Lack of symmetry between the two sides of the spine can lead to uneven stress on the vertebrae and imbalance use of the muscle, which may eventually lead to pain. When one muscle is weak and the other is overactive, it pulls your body into bad posture—like rounded shoulders or an excessively arched lower back—which also limits mobility at your joints and makes certain muscles stiff. Regardless of its cause (e.g. scoliosis or uneven muscle development), it is important to assess in the initial stages. To correct imbalances, you should first understand the imbalances as well as you can through alignment assessments and muscle testing. From there, you can work with our Pilates instructors to realign the body as best you can and to work on specific muscle imbalances as needed.

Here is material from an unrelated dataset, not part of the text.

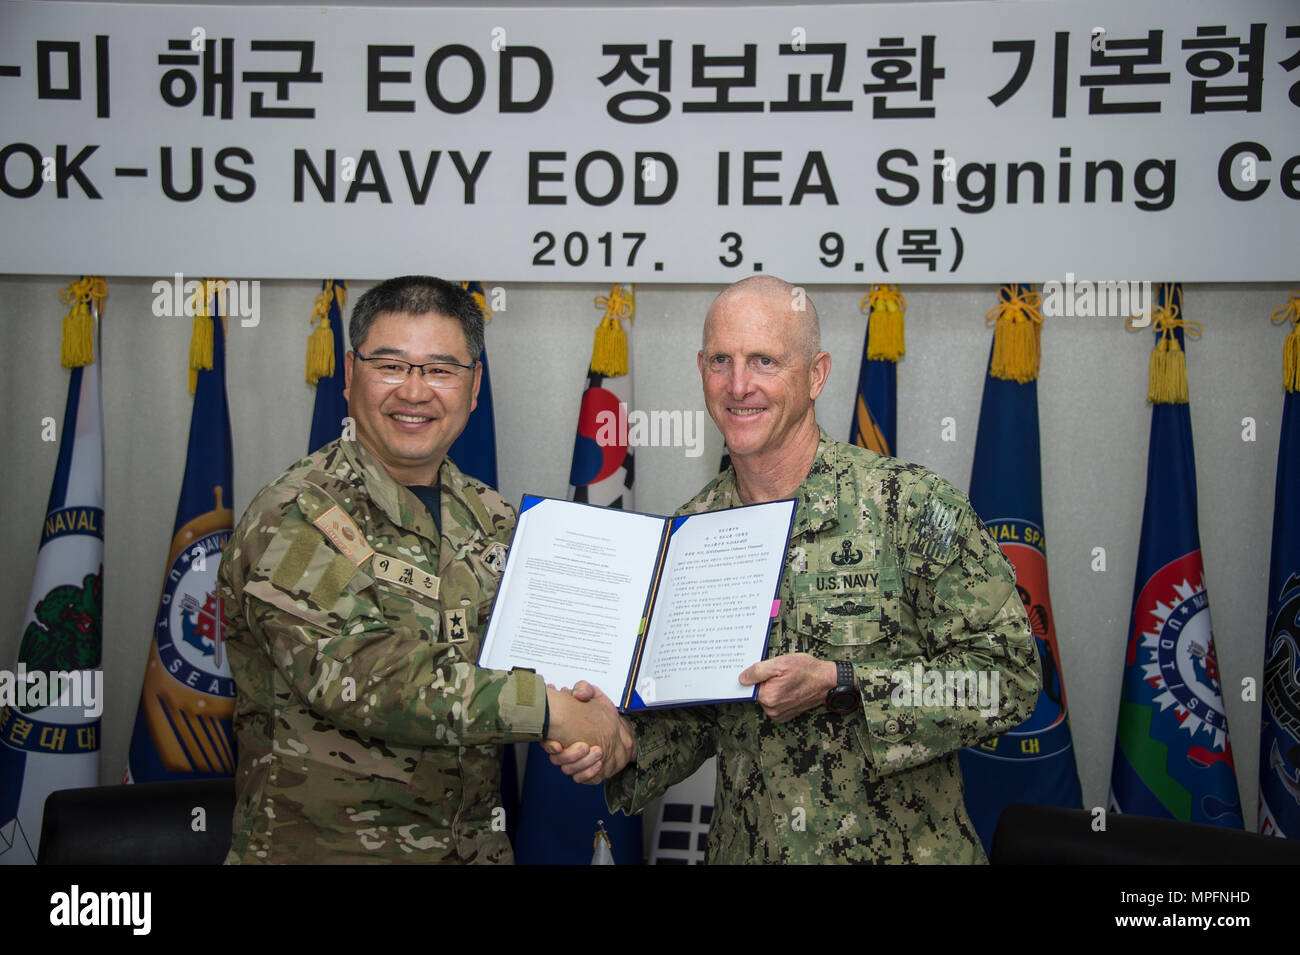 Commander, Republic of Korea (ROK) Naval Special Warfare Flotilla, Rear Adm. Jae Eun Lee, and Commander, Task Force 75, U.S. Navy Capt. Robert A. Baughman, shake hands after signing an information exchange agreement in Jinhae, ROK, March 9, 2017, as part of exercise Foal Eagle 2017. The agreement addresses research and development practices between the two nations, promotes explosive ordnance disposal interoperability, and enhances future readiness. (U.S. Navy Combat Camera photo by Mass Communication Specialist 3rd Class Alfred A. Coffield) Stock Photo

The general principle with scoliosis is to stretch the inside of the curve, strengthen the outside of the curve, and maintain as balance an alignment as possible in every exercise. As many of us have discovered or will discover in the future, this can be much easier said than done! But don’t fret – our instructors understand that everyone’s imbalances are unique and will accommodate as appropriate while ensuring progression. For example, if you have trouble with compression, we may avoid chain leg and foot work exercises and instead focus more on stretching or Barrel exercises. Those who have trouble with leg work will be instructed to focus on arm work, using implicit abdominal strengthening. For those whose imbalances cause them to favor neutral or extension (common with disc injuries and sciatica), lumbar support may be used in supine work.
The most important thing to remember is that Pilates is a flexible exercise system. Modifications to the exercises allow for a range of difficulty ranging from beginning to advanced. We can cater a workout that best suits you now, and increase the intensity as your body conditioning improves.